At last, Cricket first

Print edition : February 28, 2003

South African President Thabo Mbeki officially inaugurates the event. He is flanked by Malcolm Gray (left) and Ngconde Balfour, South African Minister of Sport. - DAVID GRAY/REUTERS

As World Cup 2003 gets off to a spectacular start, both in terms of the opening ceremony and the inaugural match, the 14 teams are all set to battle it out, with Australia going in as the favourite.

IT was ironic that one of the official sponsors of the 2003 Cricket World Cup in South Africa, LG Electronics, had used the slogan `Cricket first' in its advertising campaign for the event. No previous edition of the World Cup has seen such energy expended on non-cricketing matters. The official contracts dispute between India and the International Cricket Council (ICC), the possible boycott of Zimbabwe by England and Australia, and the refusal of New Zealand to play in Kenya (as of February 10, 2003) caused tremendous uncertainty during the run-up to cricket's biggest event. Add the intense commercial and media hype surrounding the World Cup to the political drama and the situation has left the avid fan wanting to fast-forward directly to the cricket.

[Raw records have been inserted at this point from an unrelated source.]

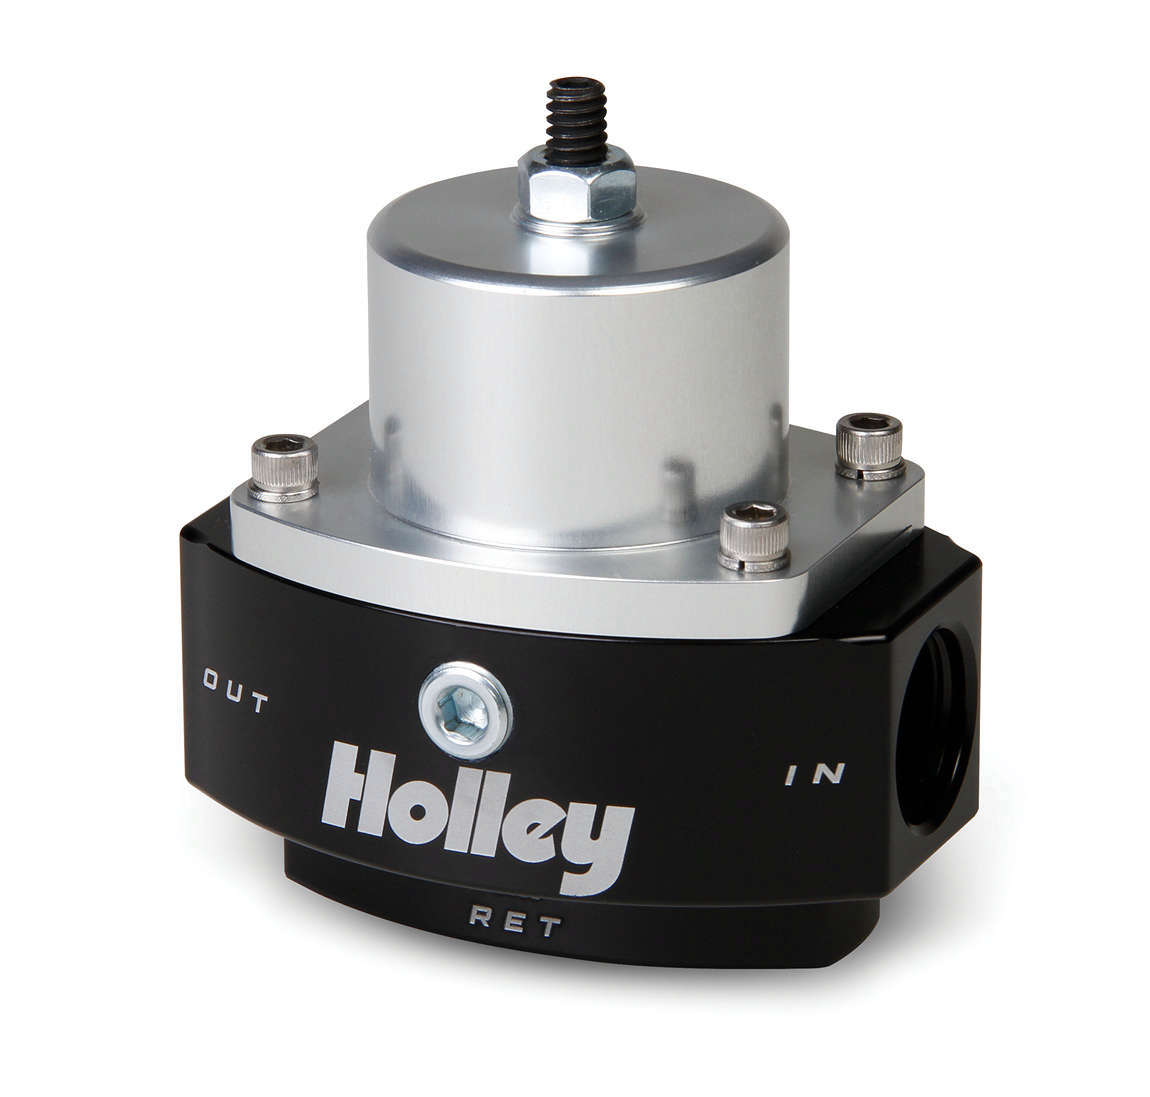 Holley 12-845 Fuel Pressure Regulator, HP Billet, 4.5 to 9 psi, In-Line, 8 AN Female O-Ring Inlet, 8 AN Female O-Ring Outlet, 6 AN Female O-Ring Return, 1/8 in NPT Port, Bypass, Aluminum, Black / Clear Anodized, Diesel / E85 / Gas, Each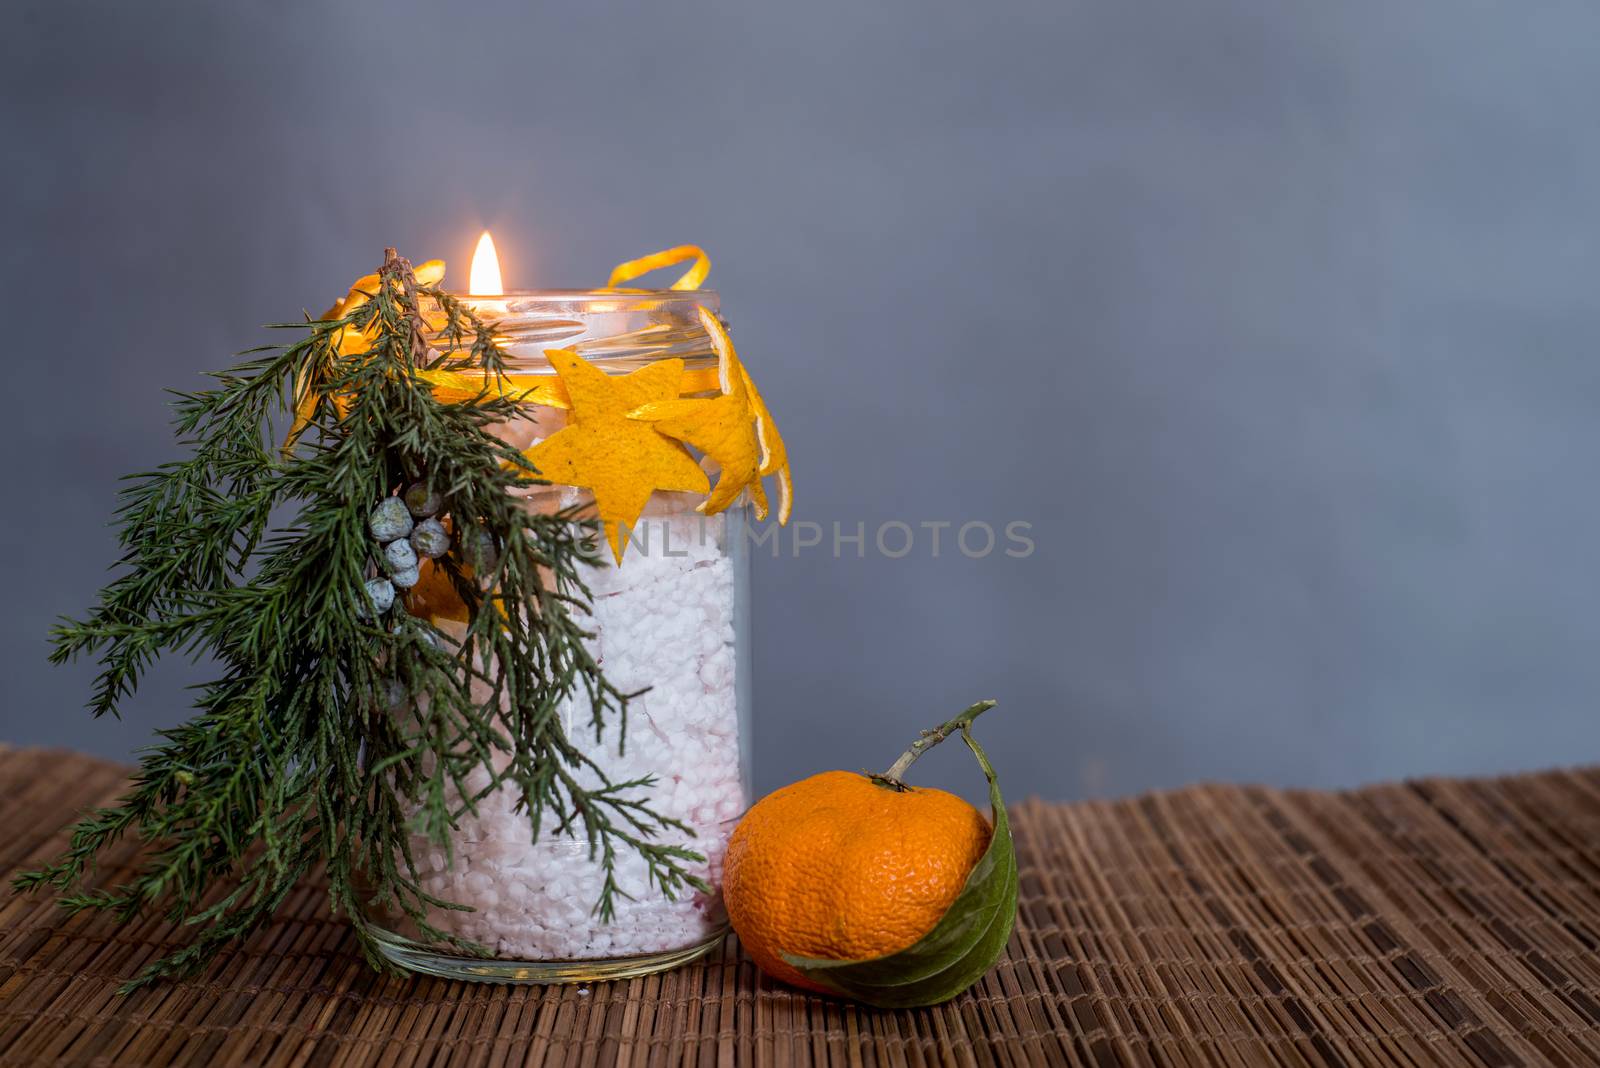 christmas hand made candle craft on the eastern style wooden tablecloth on gray background by Desperada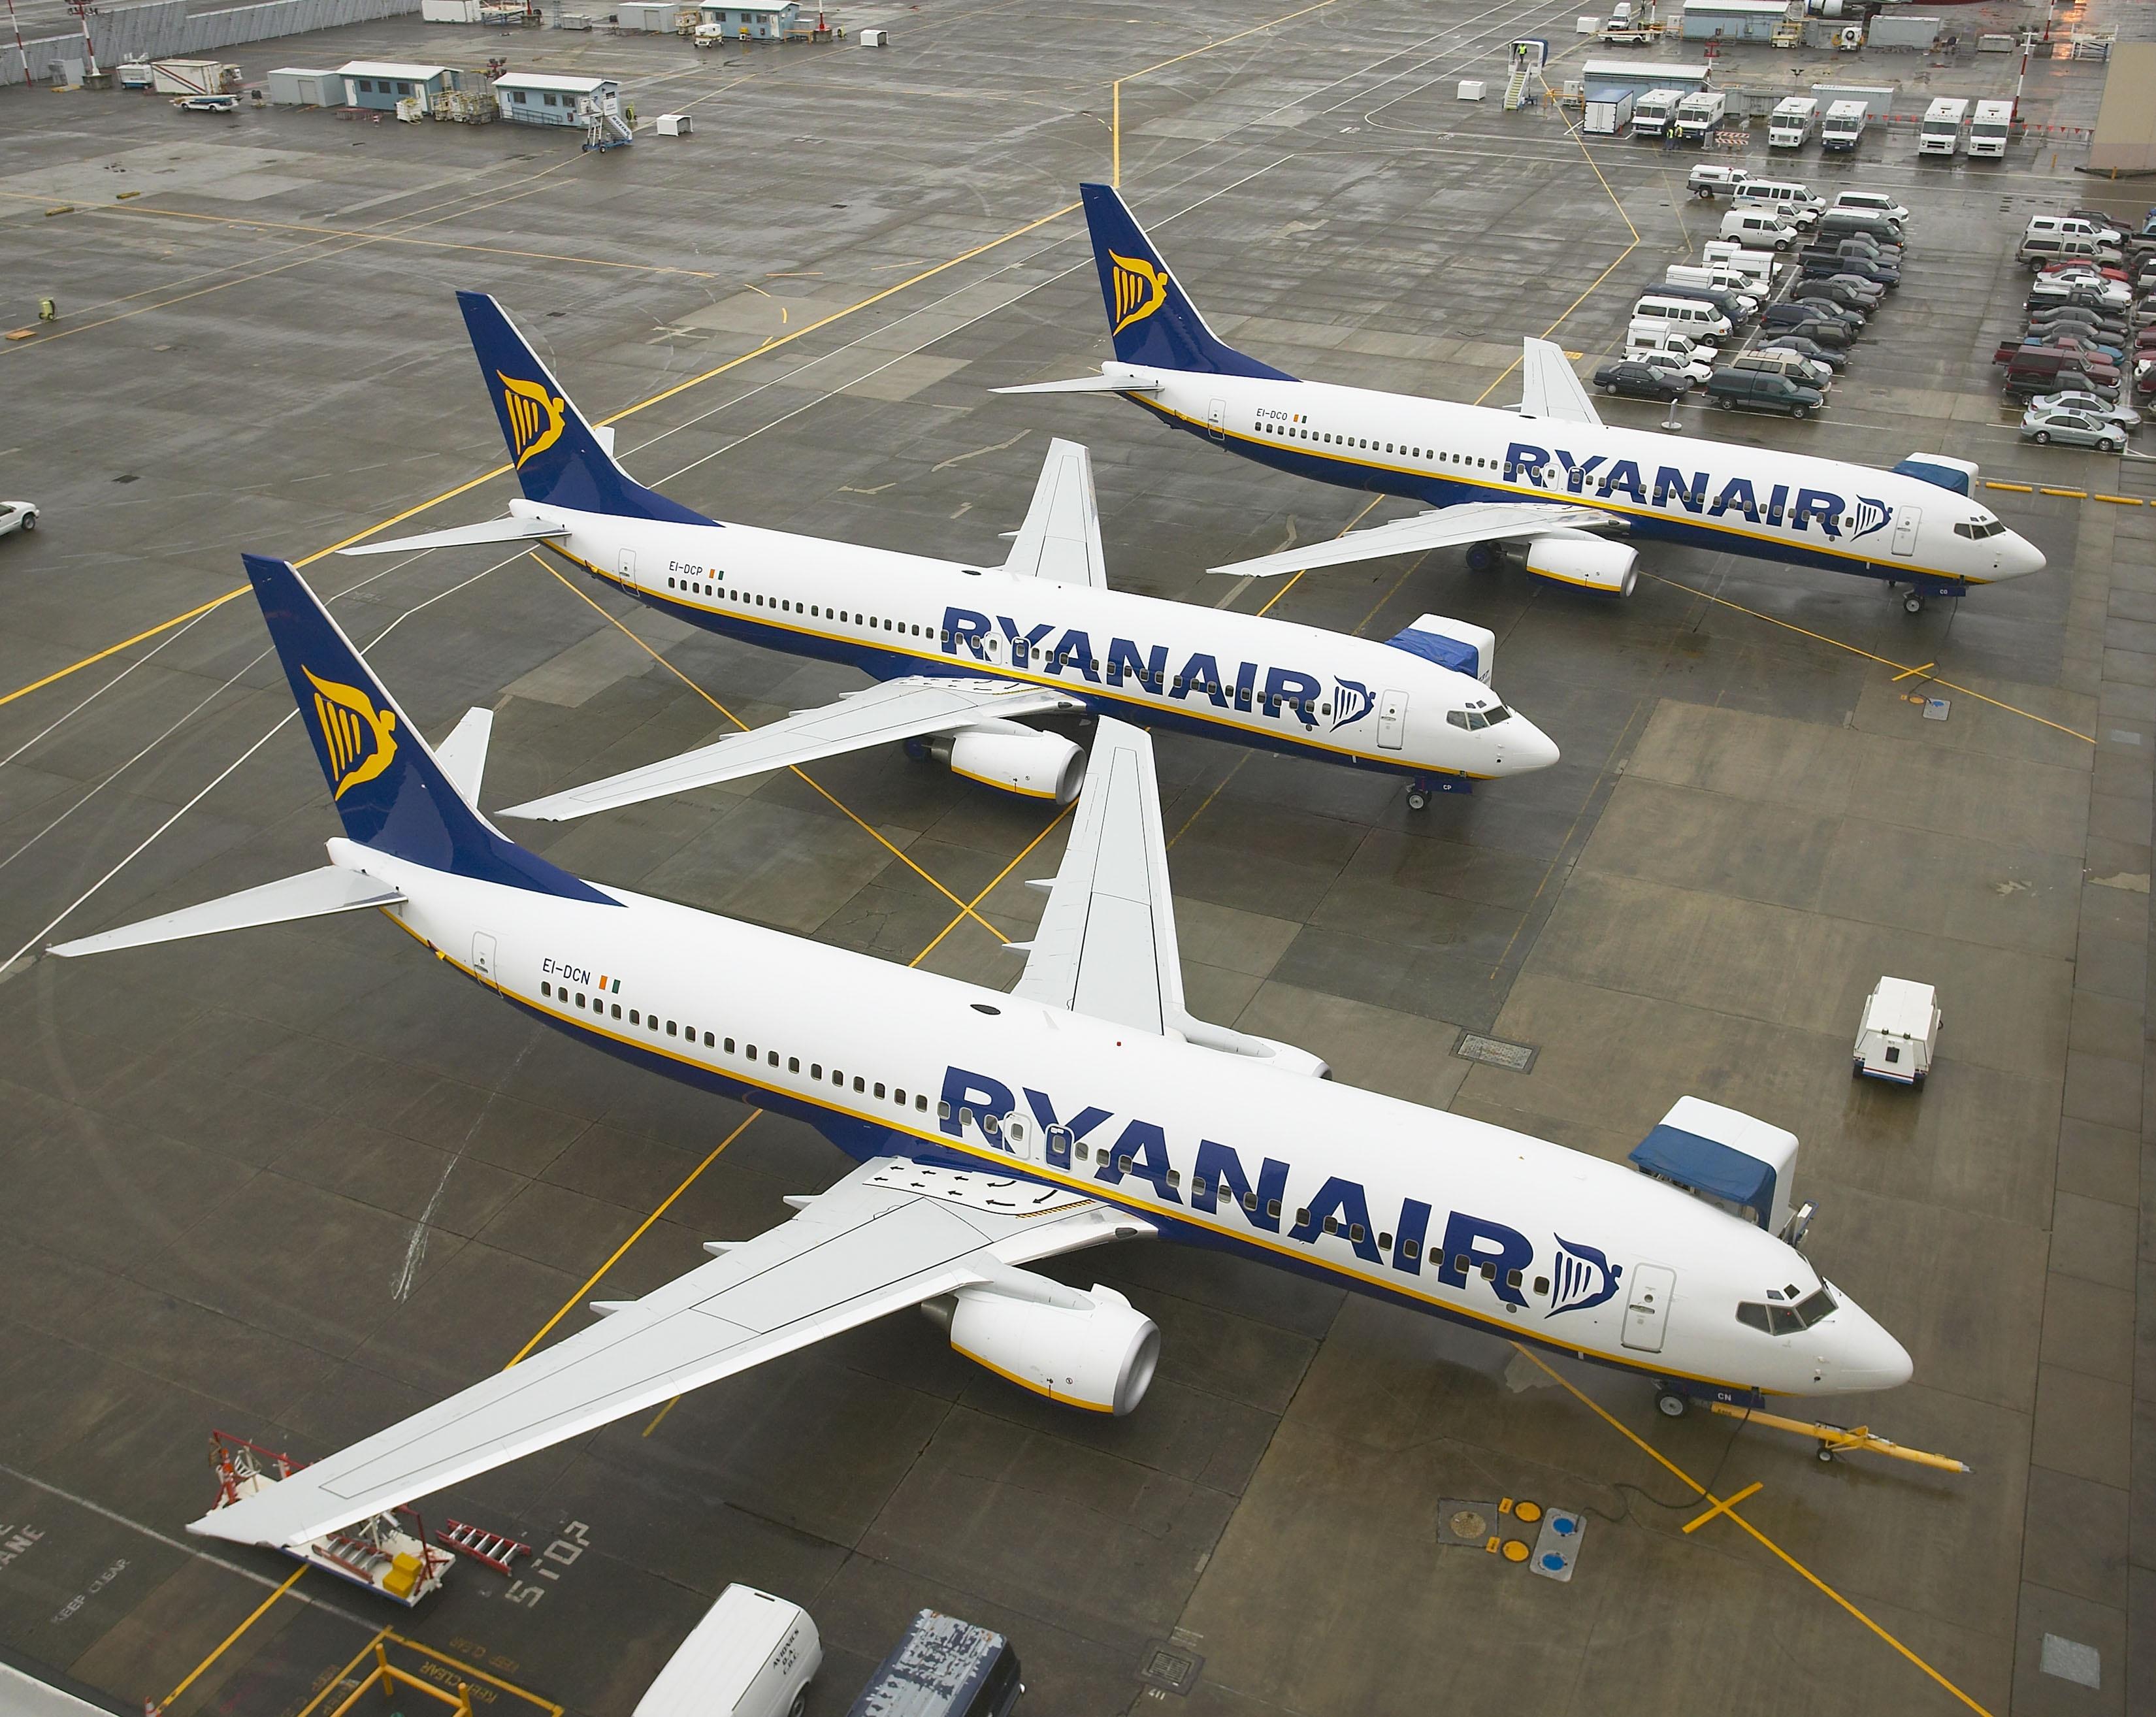 90% Of Ryanair Flights On-Time In March

Despite the uncertainty, the tournament kicked off with a spectacular opening ceremony in Cape Town on February 8. Inspired by the 2000 Sydney Olympics, the organisers of this event held a large-scale inaugural ceremony, aimed at showcasing the diversity of the Rainbow Nation.

In a symbolic move, the hosts played the West Indies in the opening match in Newlands, Cape Town on February 9. As if to script, it went down to the wire and a resurgent West Indies beat the hosts by three runs. A magical 116 by one of cricket's greatest talents ever, Brian Lara, and tremendous support from skipper Carl Hooper, Ricardo Powell, Ramnaresh Sarwan and Shivnarine Chanderpaul allowed the Windies to post a strong total. The Windies looked to be coasting to victory when the man of the 1999 World Cup, Lance Klusener, chose to make a spectacular statement that he was not yet over the hill. Klusener's 57 off 48 balls, which included five sixes and one four, came within a few metres of snatching victory for South Africa from the jaws of defeat.

On day two of the World Cup, Sri Lanka beat the more fancied New Zealand by 47 runs. Powered by a superb ton from captain Sanath Jayasuriya, which was his first World Cup century, Sri Lanka posted a winning score of 272. Jayasuriya is in ominous form and now has scores of 122, 106, 6, 99 and 120 in his last five one-day innings. Despite a fighting 141 from Scott Styris, New Zealand's batsmen were exposed by Sri Lanka's mix of spin and seam. In the other match of the day, Zimbabwe thrashed minnows Namibia after opener Craig Wihart's 172 off 151 balls helped Zimbabwe reach a mammoth score of 340 for 2. At the time, Frontline went to print, these were the only three matches that had been played.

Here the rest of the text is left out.